Darby spent most of her time on the bedroom pictures. With the exception of the victims, the crime scenes were nearly identical: same plastic bindings and duct tape; same seating arrangement; and the same black garbage bag tied around the father’s or husband’s head. The killer had entered the home by cutting a hole through a window or sliding glass door.

Darby arranged the bedroom photographs on the quilt and stared down at them, willing a thought to come to her. She paced around the room, thinking. She could see only carnage and desperation.

Darby pinched the bridge of her nose and blinked her eyes several times, trying to get some moisture into them. Then she arched her back and stretched. She was thinking about heading into the shower when she recalled the bar across the street, the one with the big wagon wheel out front. Samantha Downes had worked at a bar called the Wagon Wheel Saloon.

The shower could wait. Darby picked up her jacket and headed back out.

17

The Wagon Wheel Saloon was one of those local tourist traps designed to give people an authentic old-time cowboy experience: duckboards covered with green sawdust; oak timber beams and wood walls festooned with antique six-shooters; and black and white pictures of cowboys, miners and settlers; wood-bladed ceiling fans; and a long, handcrafted mahogany bar with brass poles, its top polished to a high shine.

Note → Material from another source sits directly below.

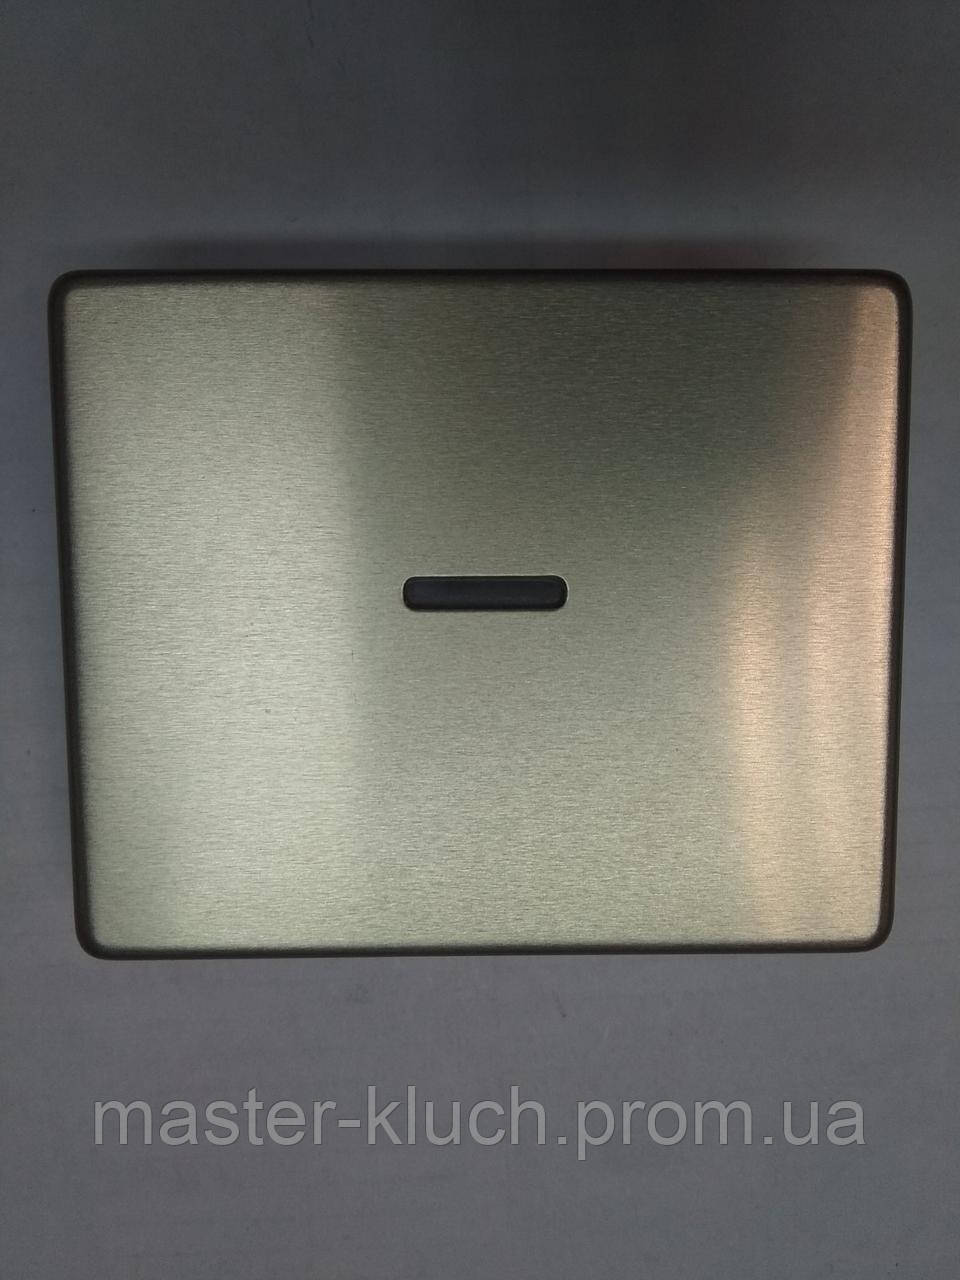 Выключатель одноклавишный с подсветкой Jung SL-500 накладка

The dining area, which made up the entire left side of the room, consisted of a dozen or so tables covered with red and white checked tablecloths. About half were occupied, either by elderly couples eating in silence or by haggard-looking couples who were unwinding after work or enjoying some peace and quiet away from their kids. They all looked like what she called the ‘God Bless America Crowd’ – people who, she suspected, listened to country music and went to church every Sunday, organized bingo fundraisers and did potluck get-togethers with other couples. An archway in the corner led to a room with a pool table, and, on the other side of it, a jukebox swirling with neon colours.

Darby approached the lone man standing behind the bar, at the far end, loading draught beers on to a waitress’s circular carrying tray. He had a bowling-ball-shaped head and greying brown hair thick with some sort of styling product designed to give him that I-just-got-out-of-bed look.

She leaned against the bar, waiting for him to finish, and out of the corner of her eye she saw a group of men seated at a nearby table stop their conversation and take turns checking her out. They didn’t go about it surreptitiously, either. All five of them turned and gawked. Three continued to stare brazenly, one pretended to be busy with his phone, while another raised his beer in salute and winked at her. He had cold blue eyes and a promising future as a wife beater.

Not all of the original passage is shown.